» **WORK REQUEST**: Retype exactly every line from the one that includes "Gap Size 32L Jeans" through the final line of the listing, both ends kept, and omit the pictures.

» **DATASET CONTENT**:

↓

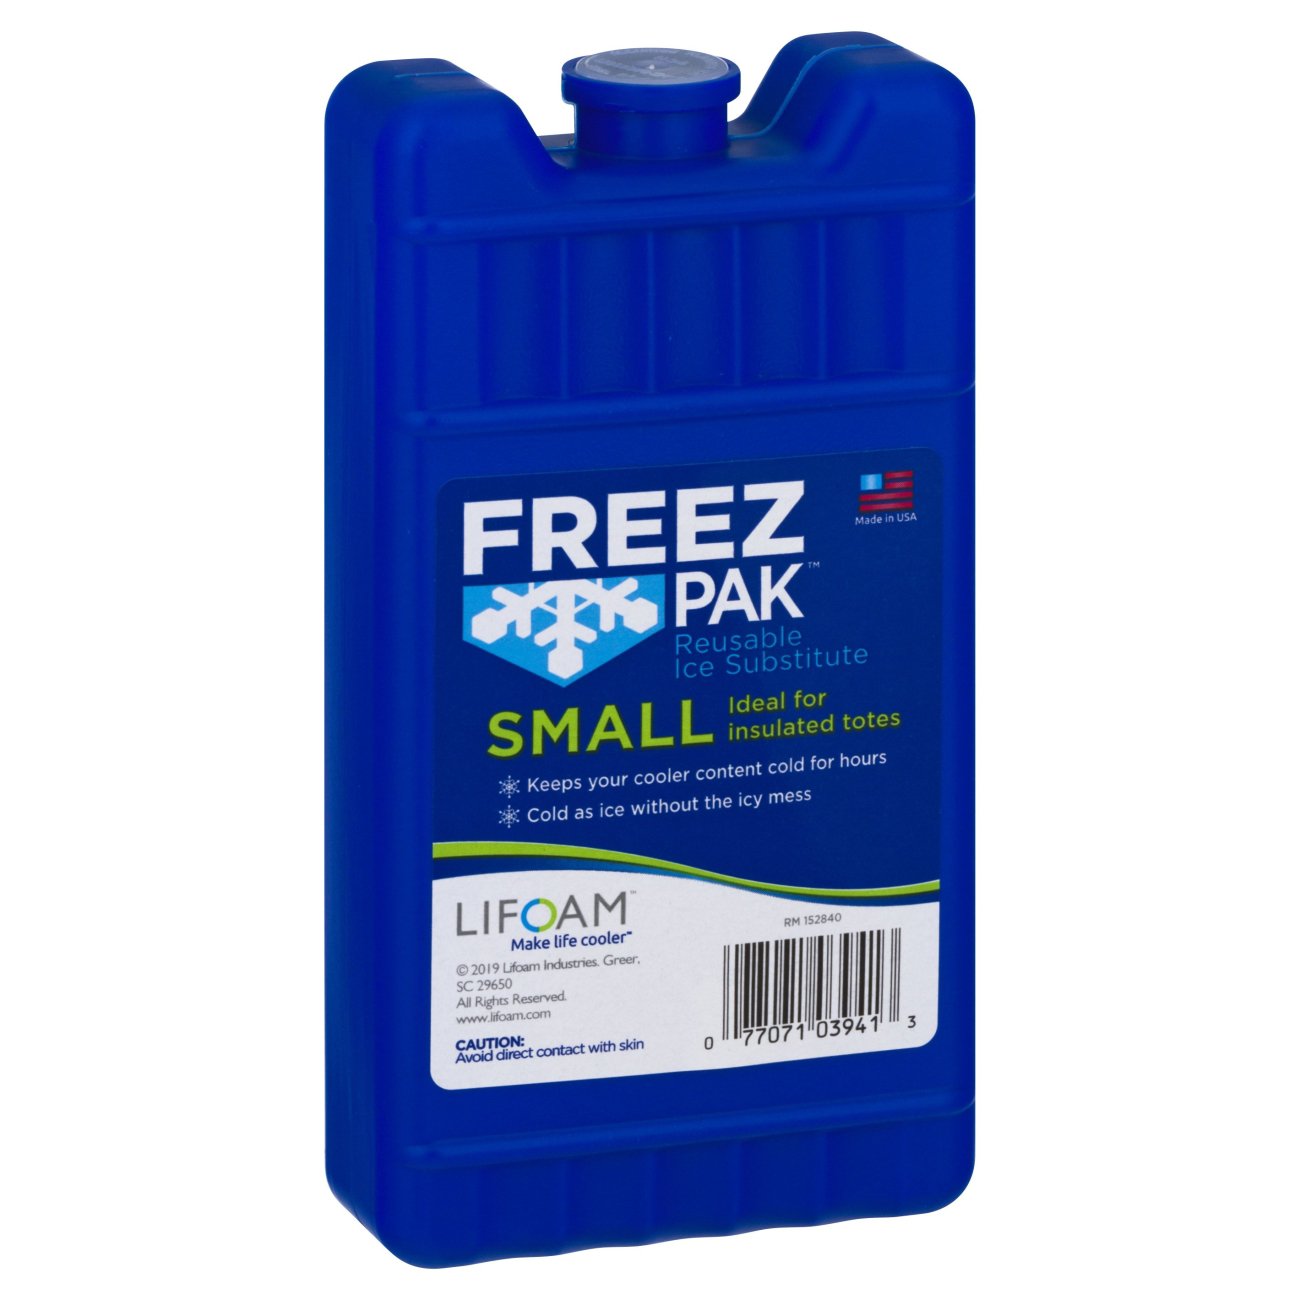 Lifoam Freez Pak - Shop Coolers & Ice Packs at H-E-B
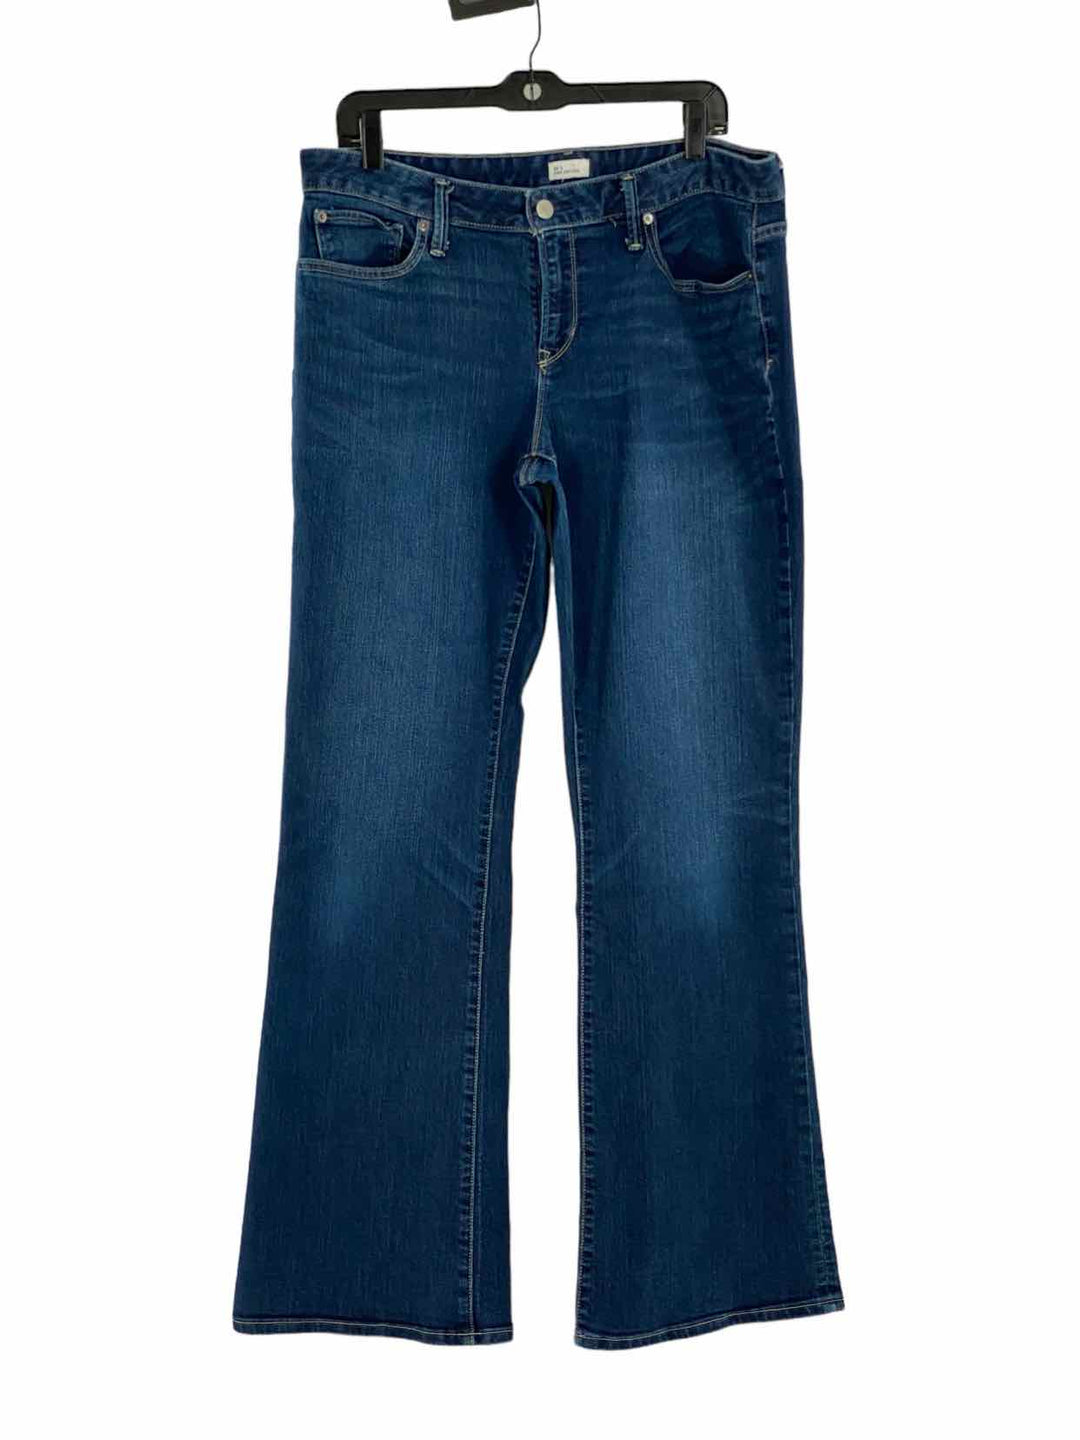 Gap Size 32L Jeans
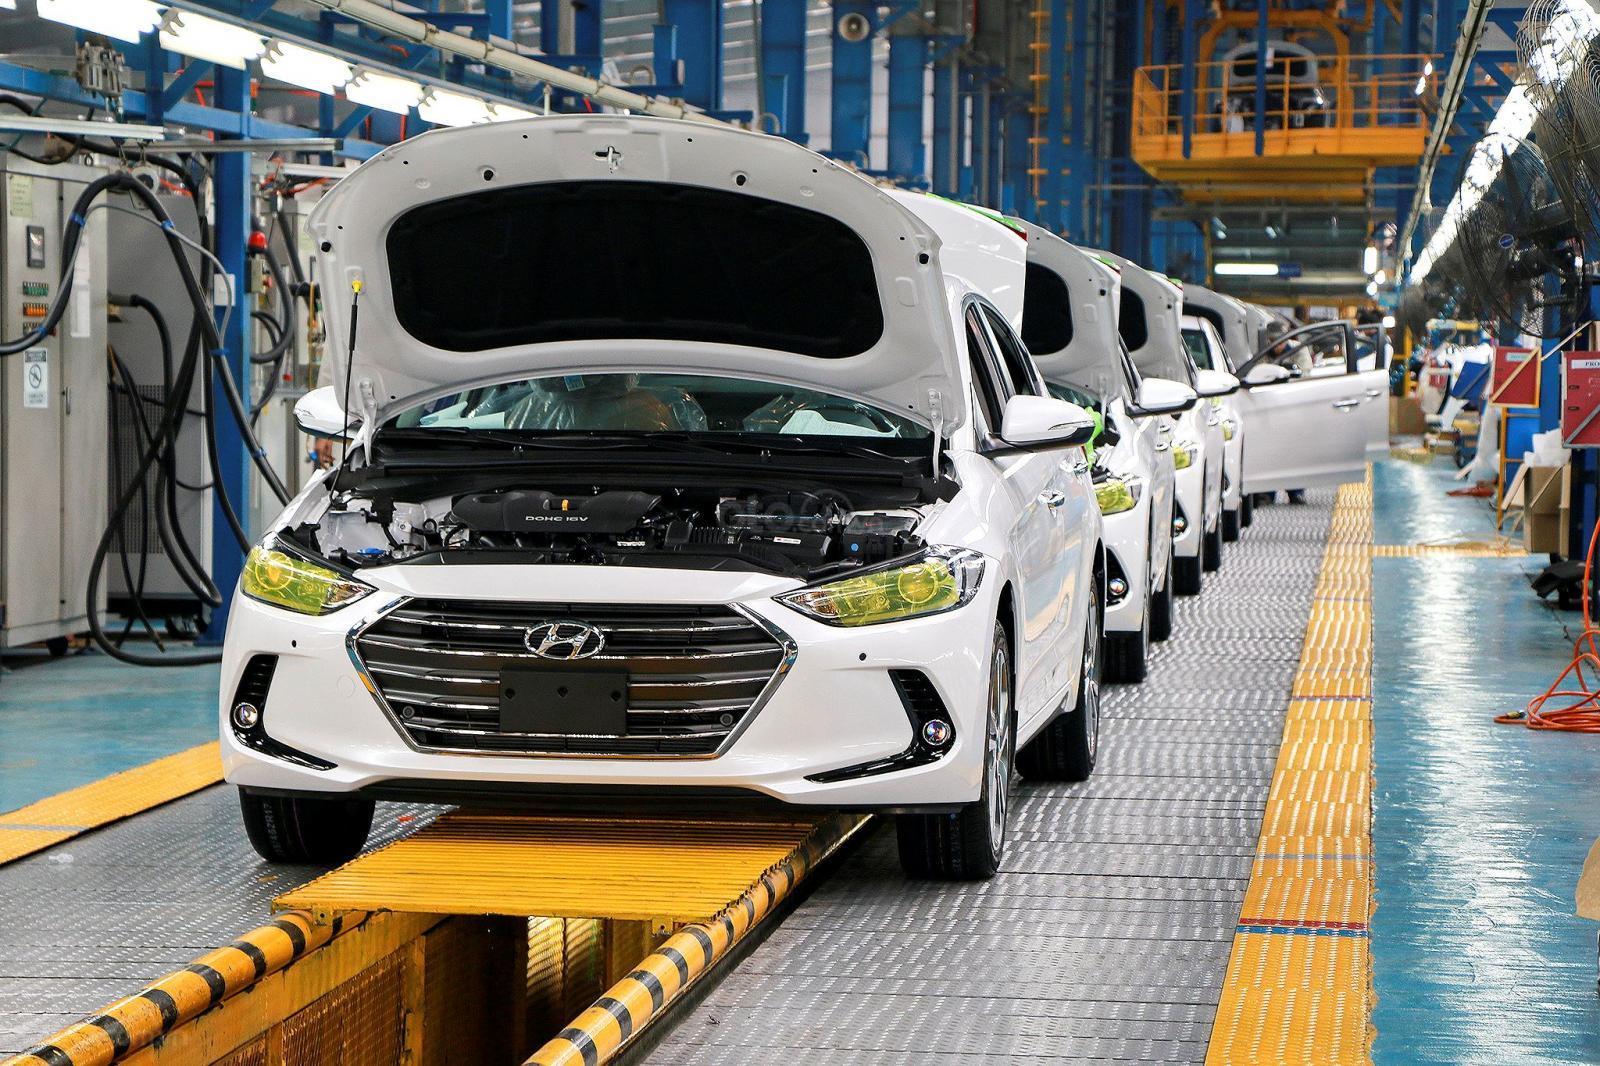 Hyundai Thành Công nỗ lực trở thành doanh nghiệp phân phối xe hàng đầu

↑

» **EXERCISE RESPONSE**:
 Gap Size 32L Jeans
 Hyundai Thành Công nỗ lực trở thành doanh nghiệp phân phối xe hàng đầu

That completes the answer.